## YOUR ASSIGNMENT
A verbatim copy of the full data, with no pictures, is the expected answer.

## STORED DATA
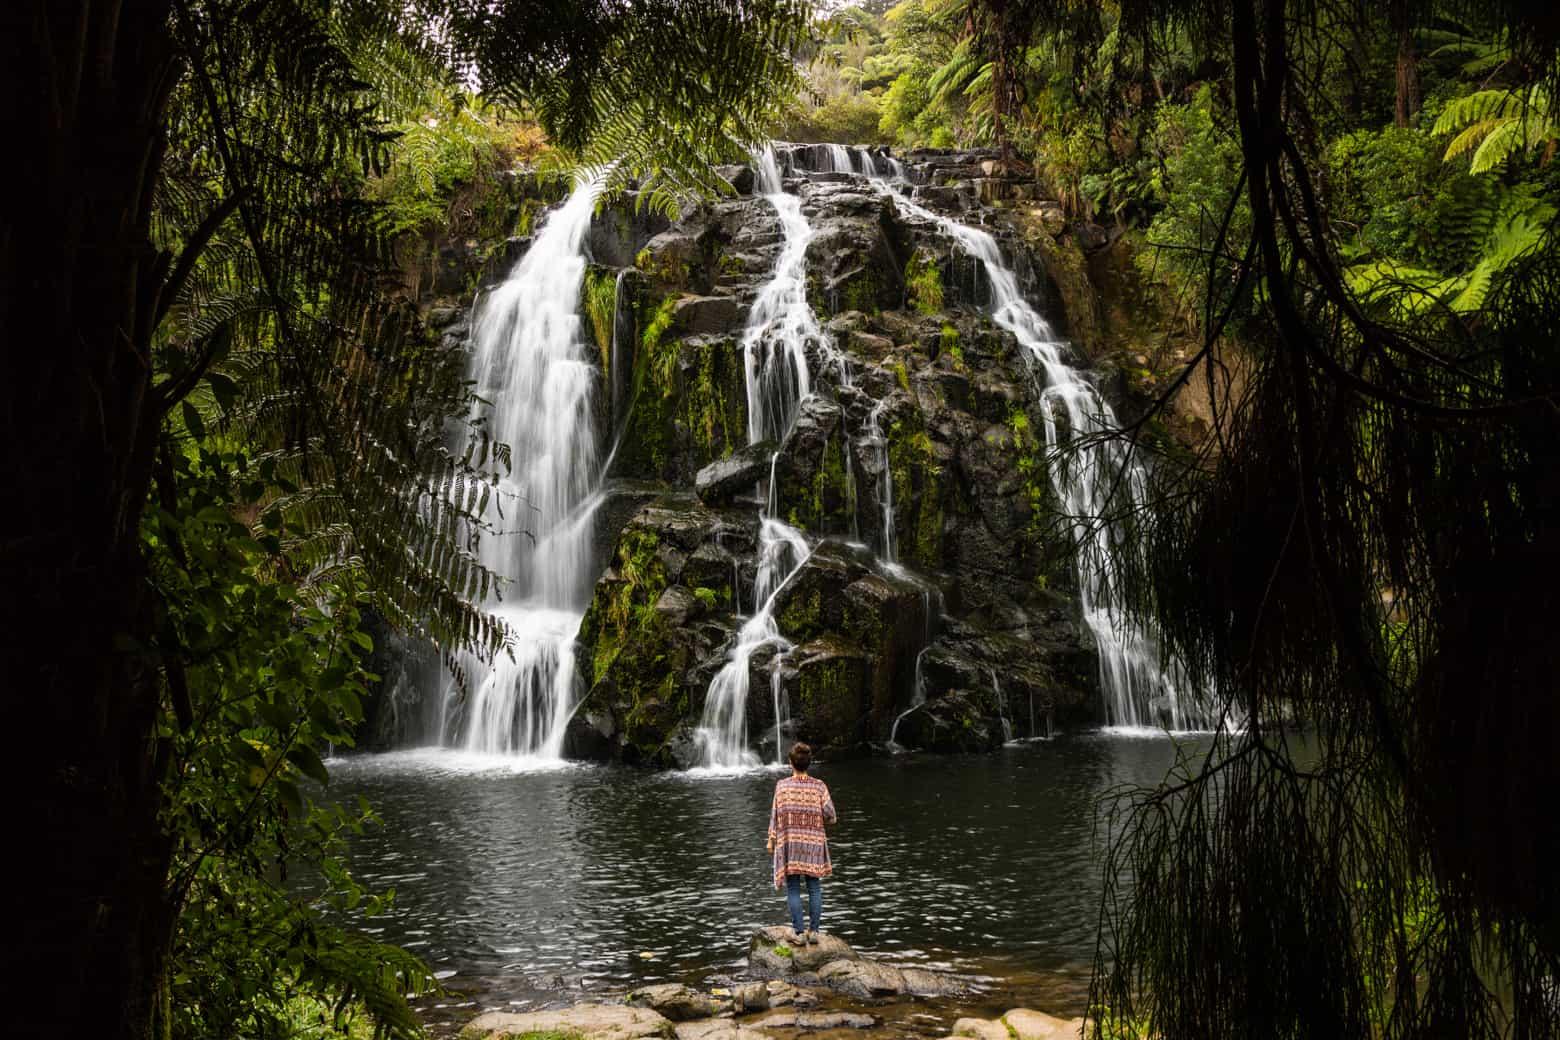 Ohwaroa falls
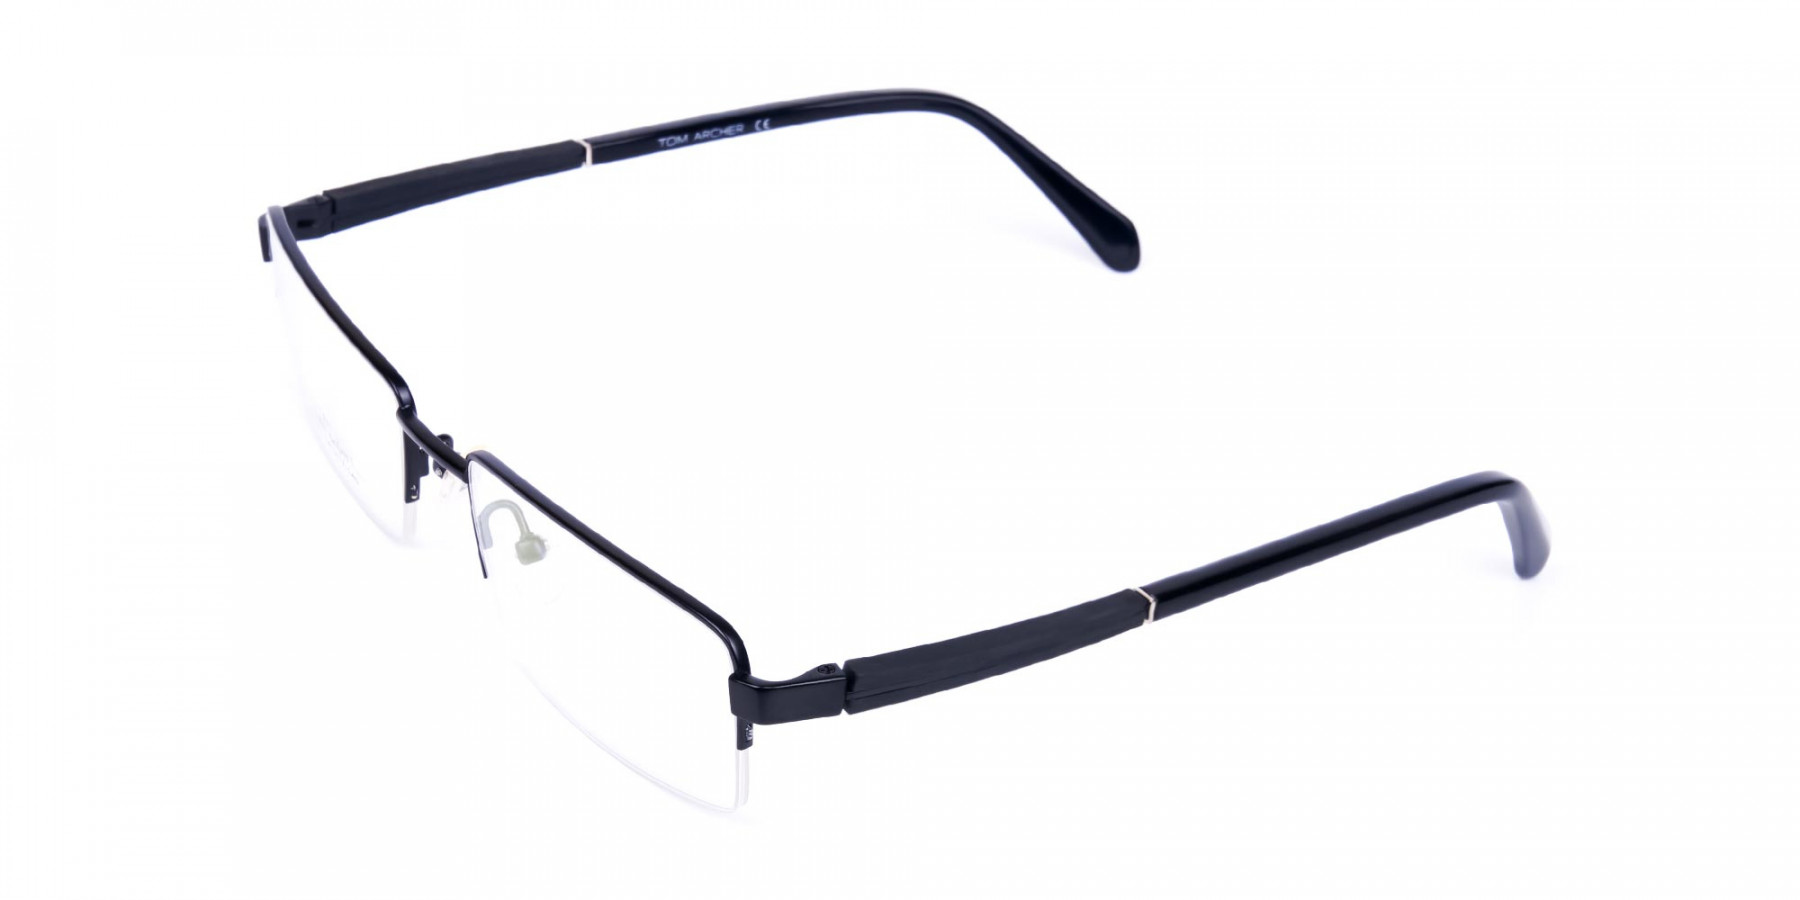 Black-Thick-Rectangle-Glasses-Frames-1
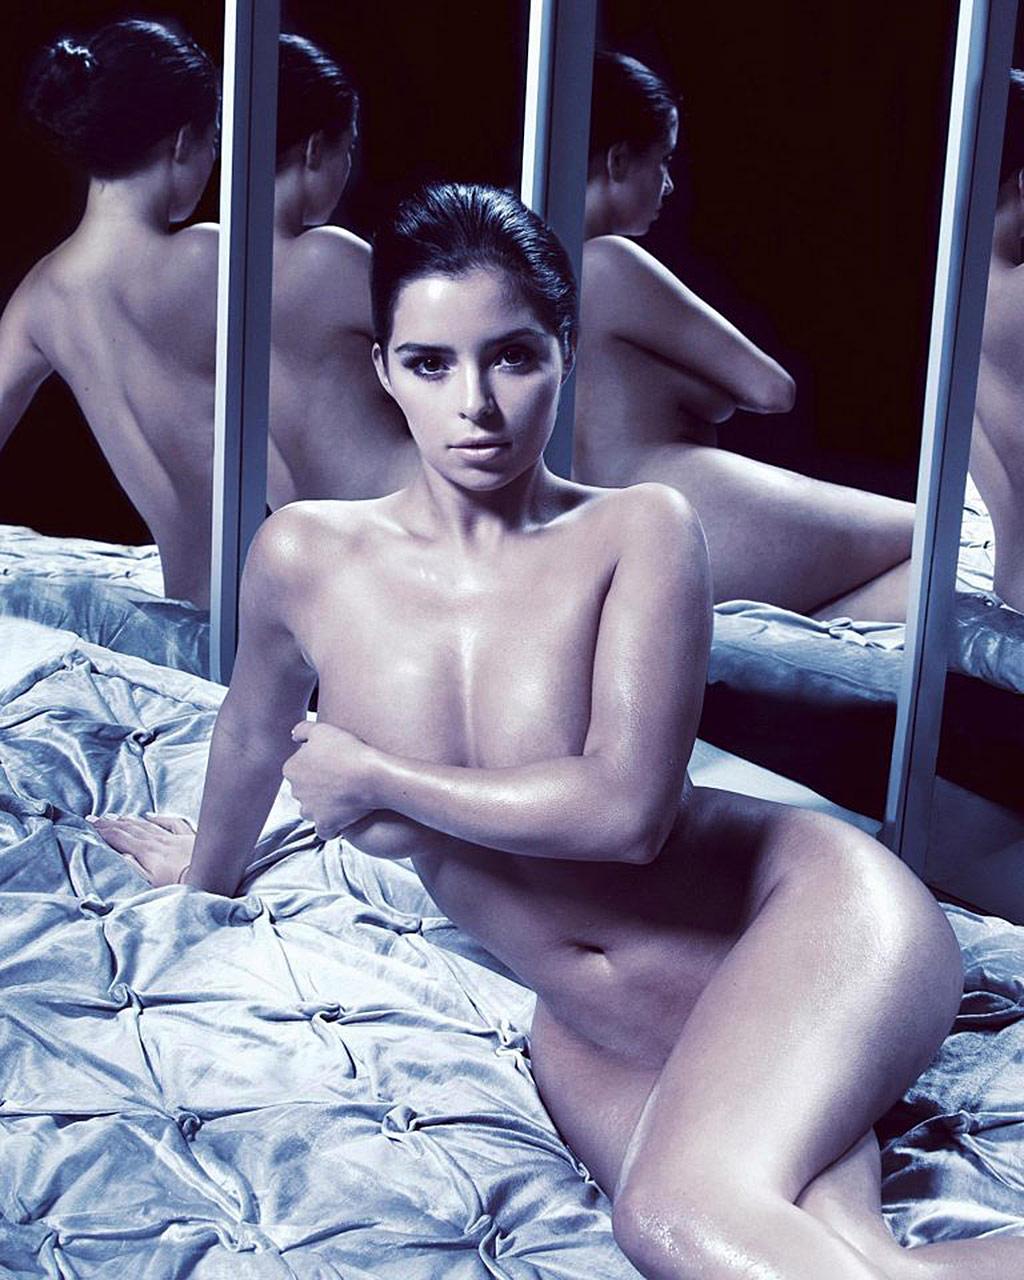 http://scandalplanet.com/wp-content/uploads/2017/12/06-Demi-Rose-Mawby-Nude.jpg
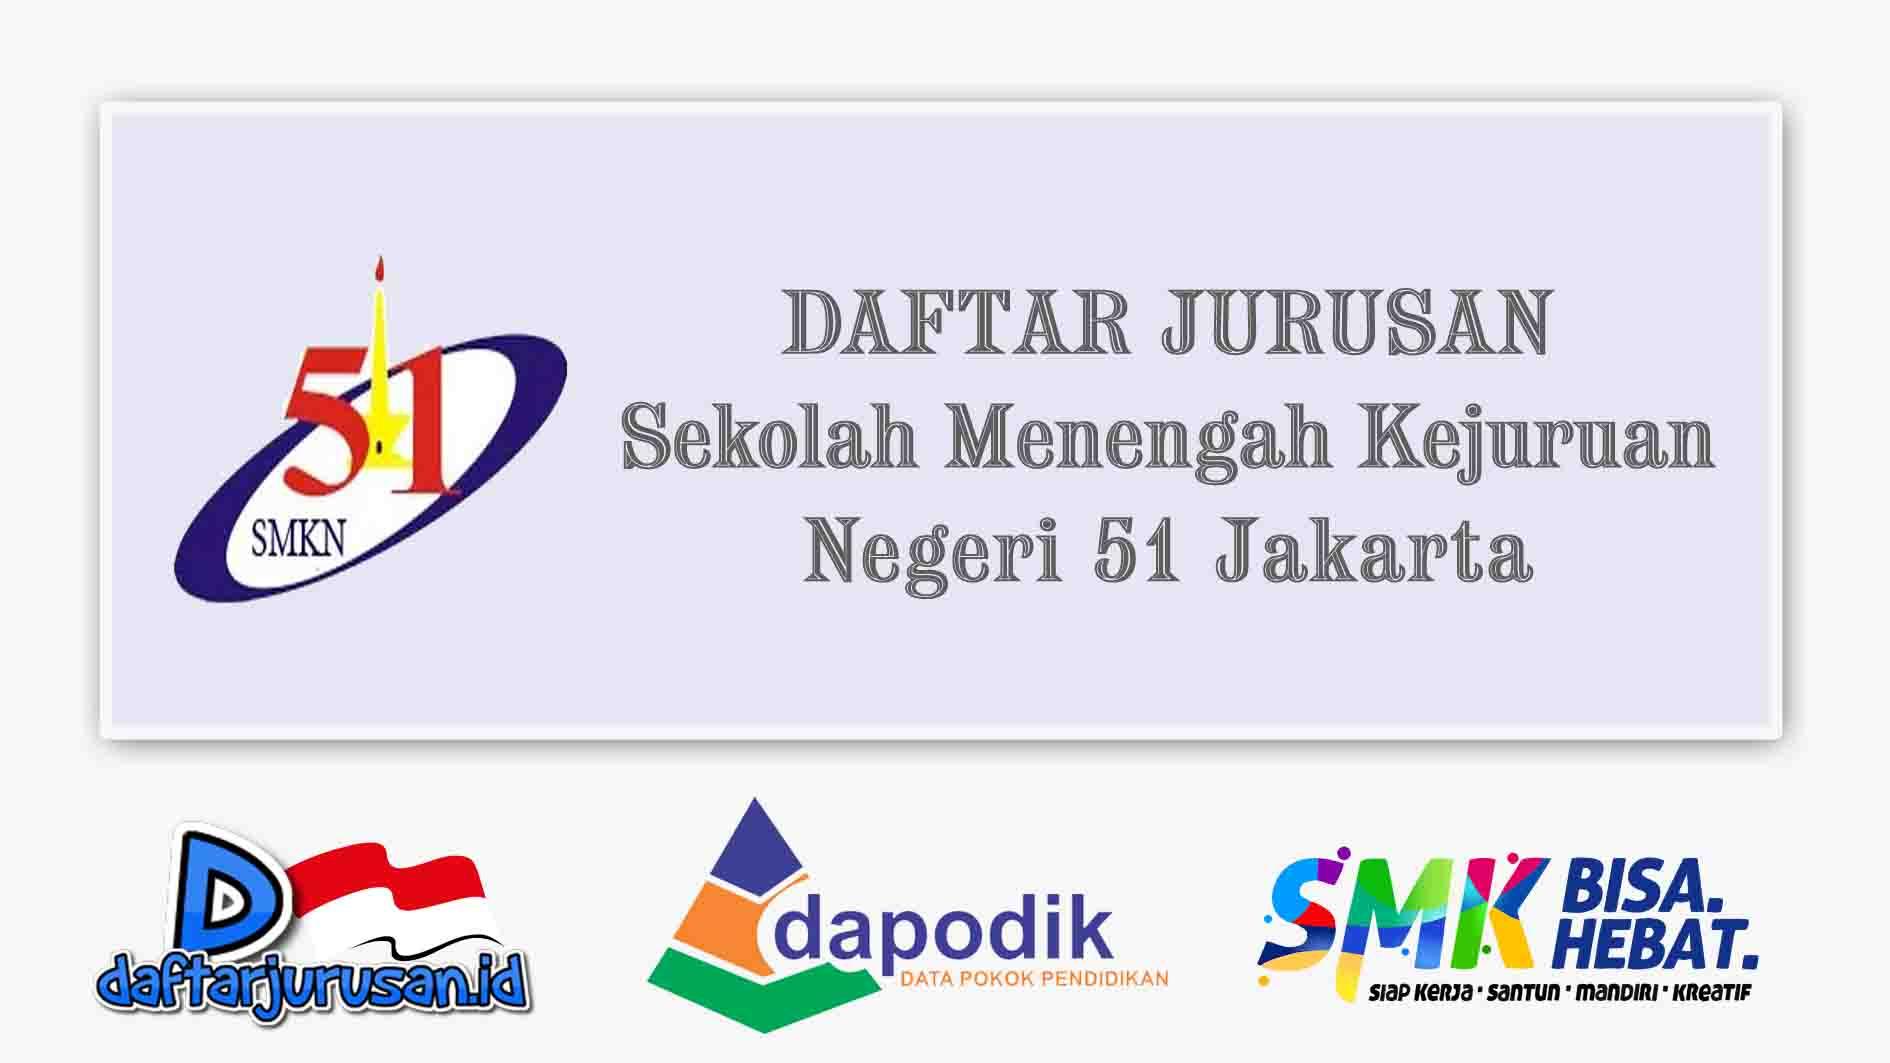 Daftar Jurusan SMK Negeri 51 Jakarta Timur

## EXPECTED ANSWER
 Ohwaroa falls
 Black-Thick-Rectangle-Glasses-Frames-1
 http://scandalplanet.com/wp-content/uploads/2017/12/06-Demi-Rose-Mawby-Nude.jpg
 Daftar Jurusan SMK Negeri 51 Jakarta Timur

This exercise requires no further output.